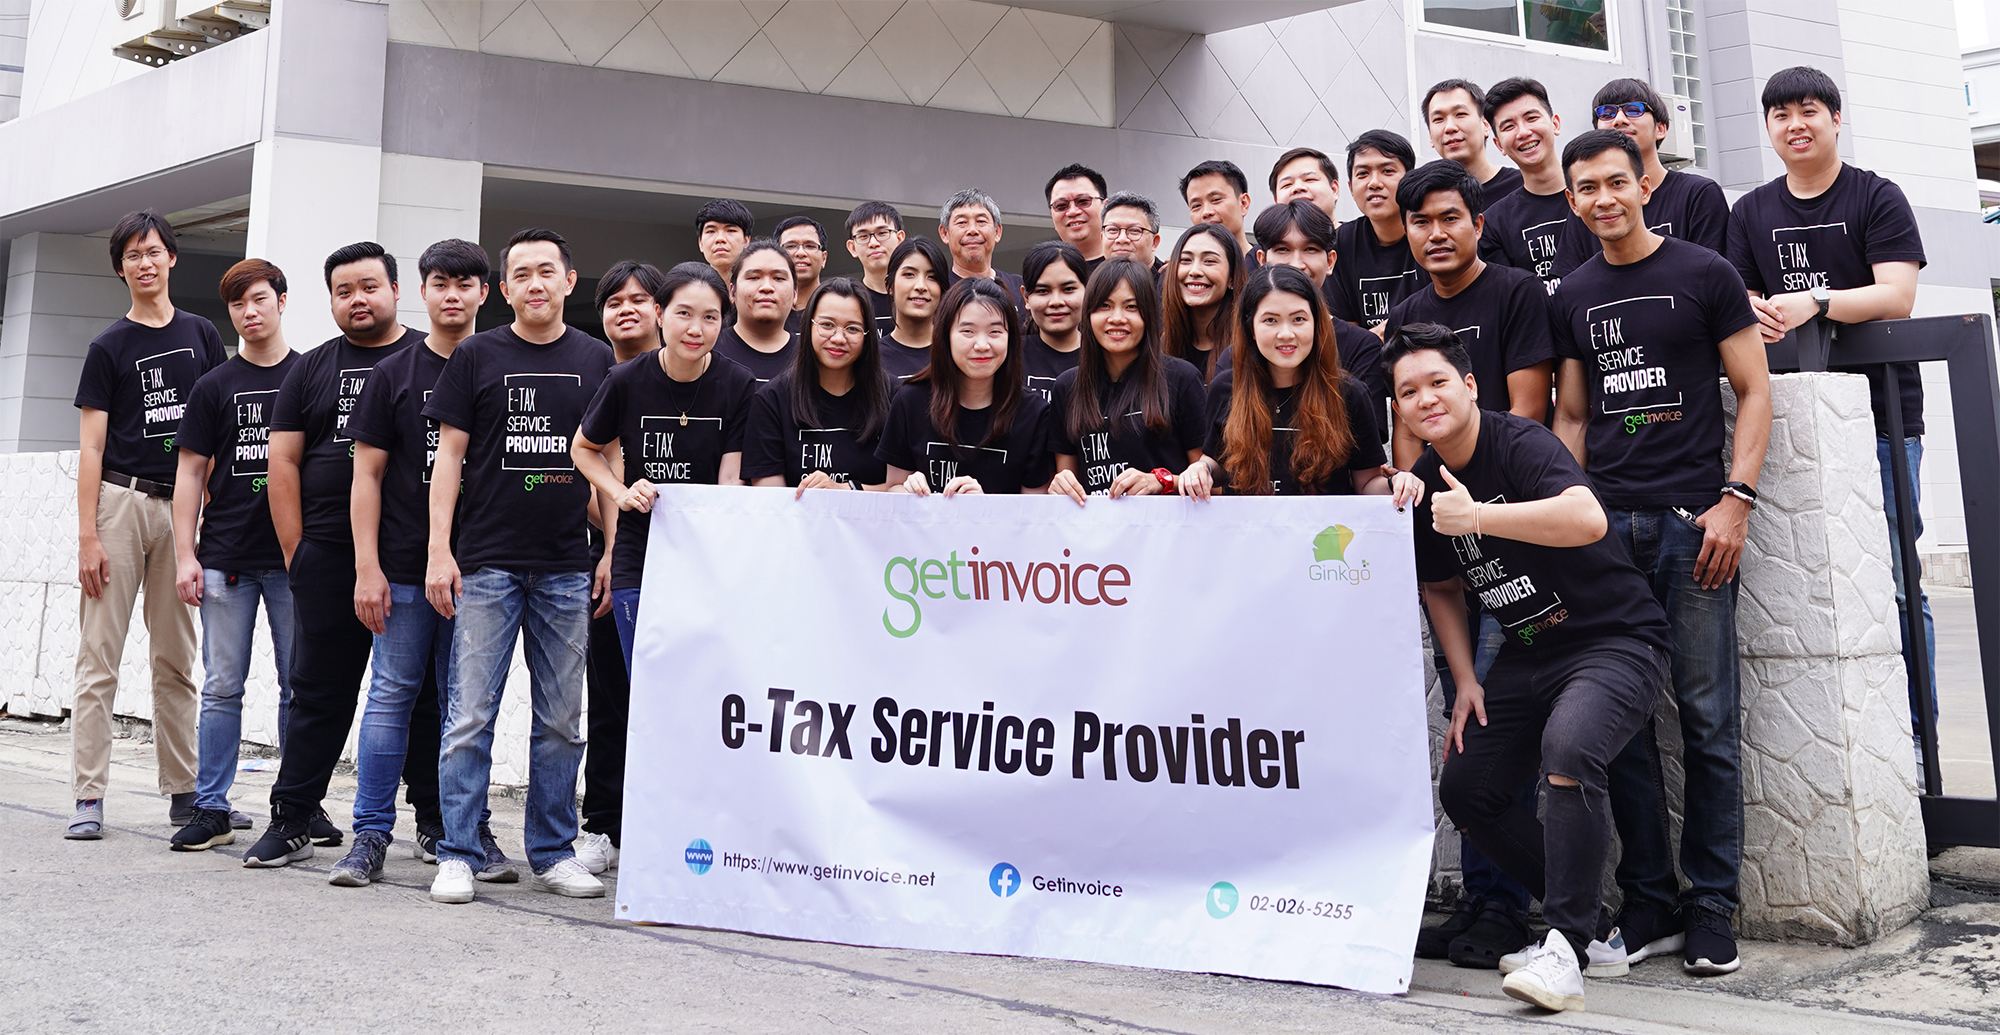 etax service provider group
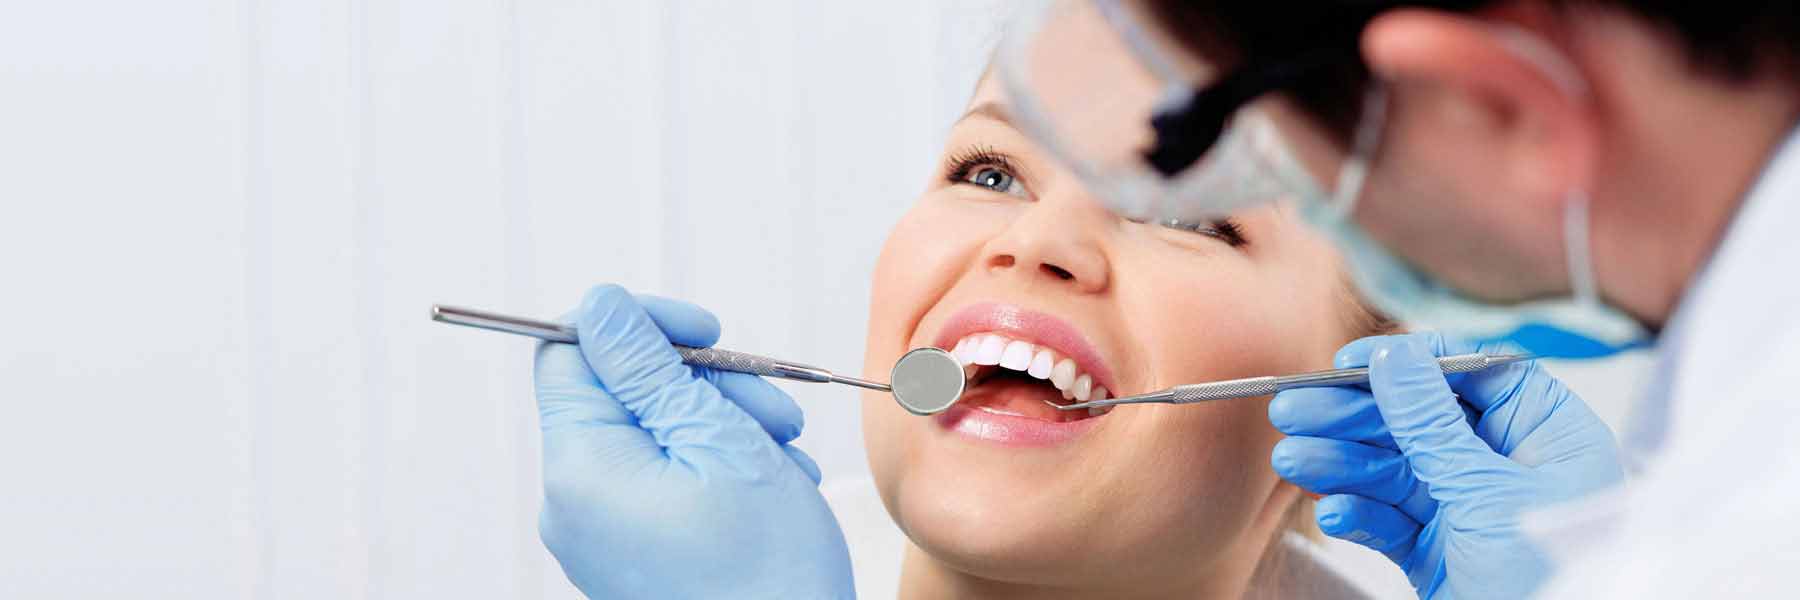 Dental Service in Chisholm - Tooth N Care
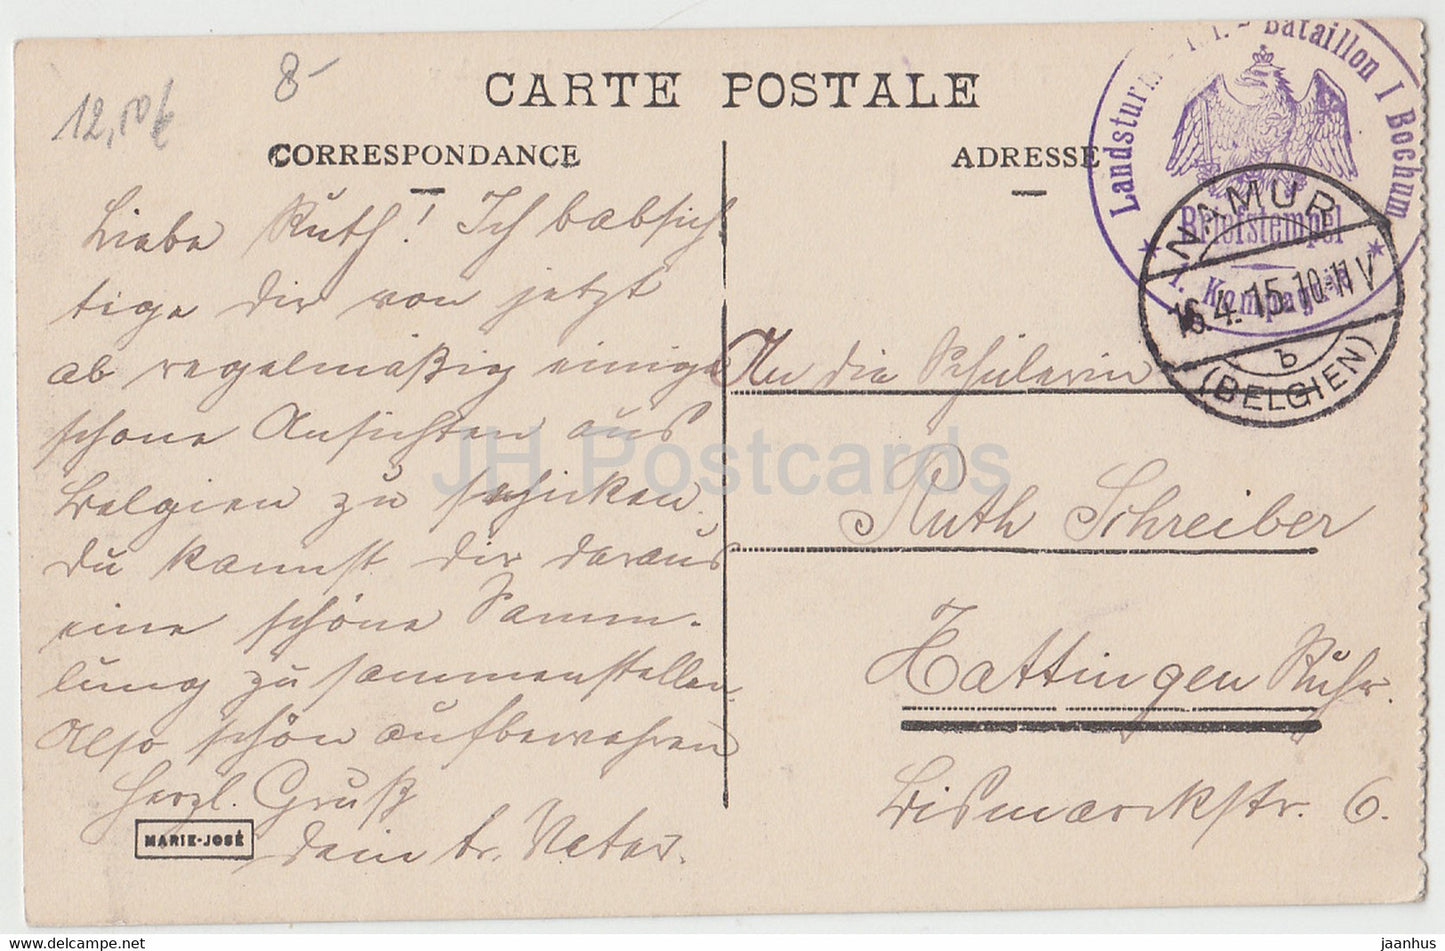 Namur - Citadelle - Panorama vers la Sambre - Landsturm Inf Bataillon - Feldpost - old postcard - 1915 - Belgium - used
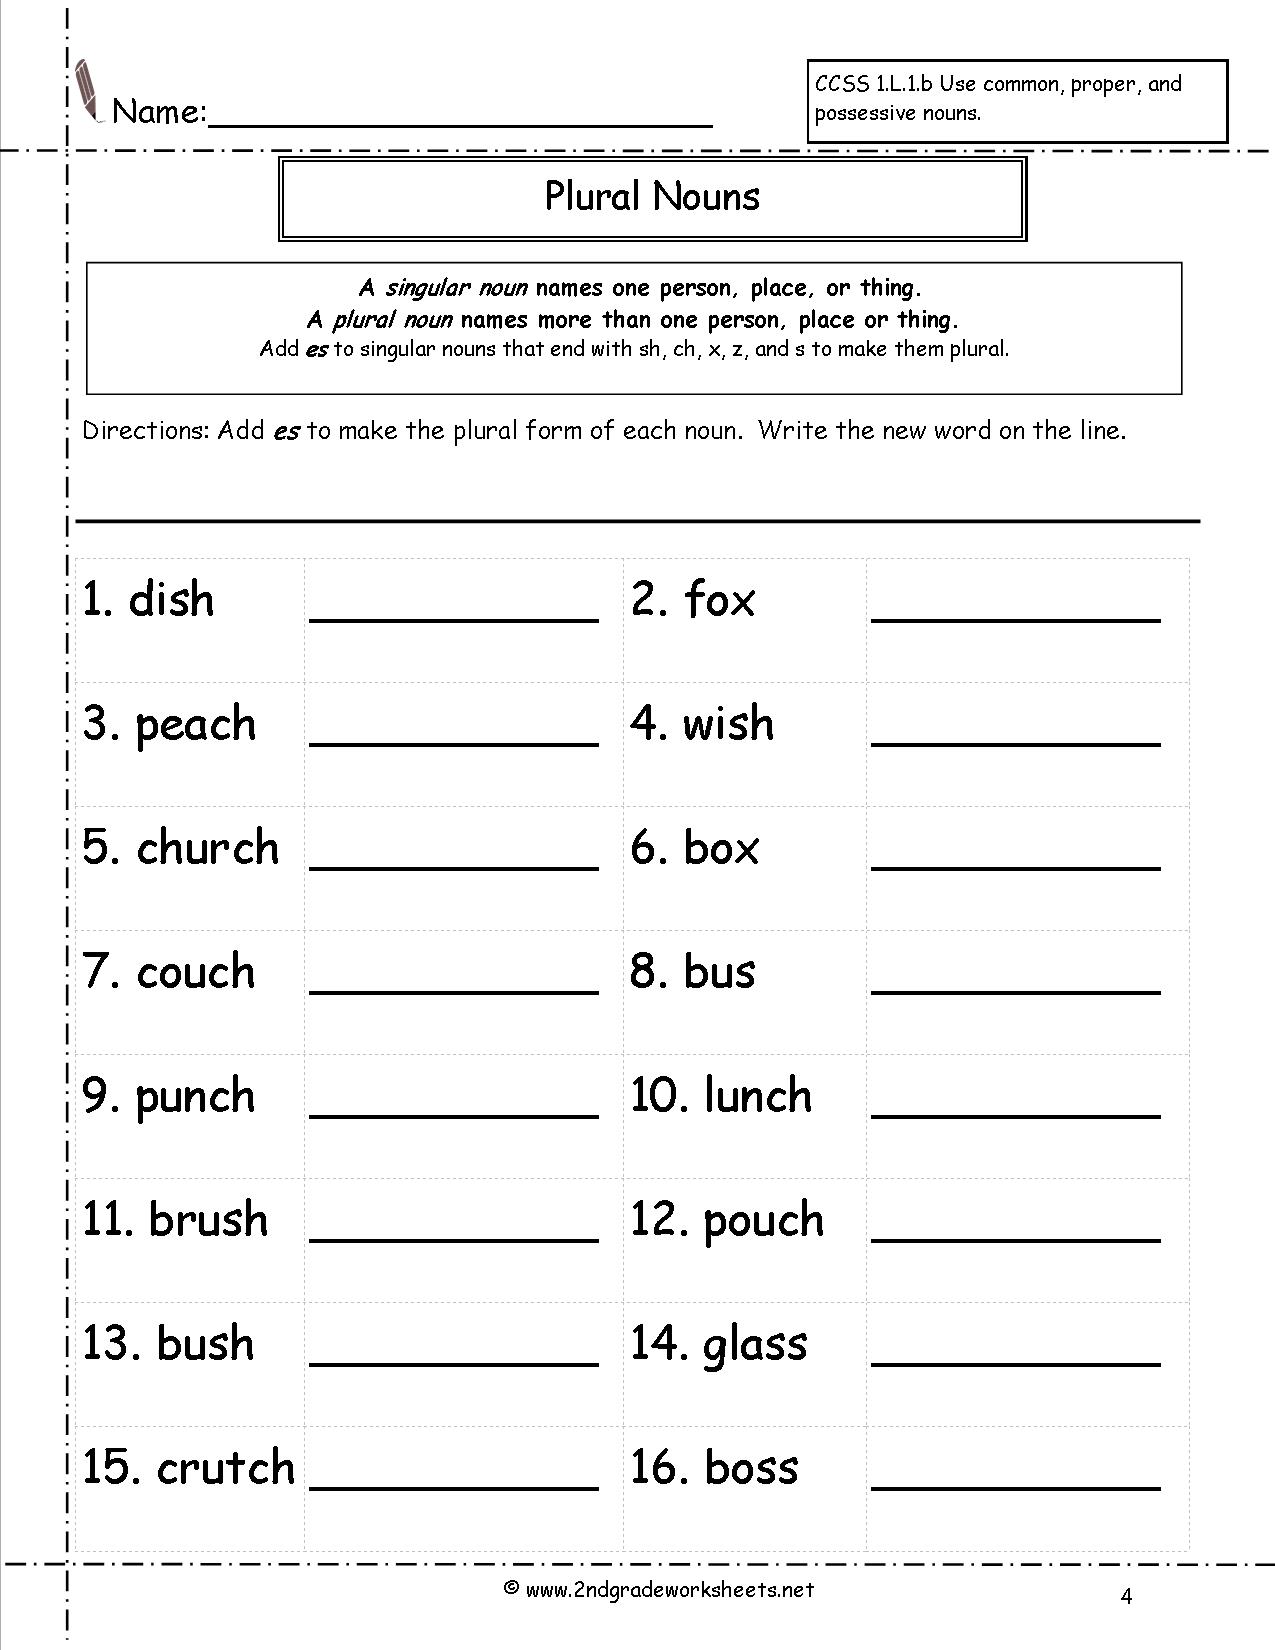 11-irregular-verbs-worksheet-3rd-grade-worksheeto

EXERCISE INSTRUCTIONS ::
Repeat the listing verbatim. Skip the pictures.

RESPONSE TO THE TASK ::
 etax service provider group
 Dental Service in Chisholm - Tooth N Care
 Namur - Citadelle - Panorama vers la Sambre - Landsturm Inf Bataillon - Feldpost - old postcard - 1915 - Belgium - used
 11-irregular-verbs-worksheet-3rd-grade-worksheeto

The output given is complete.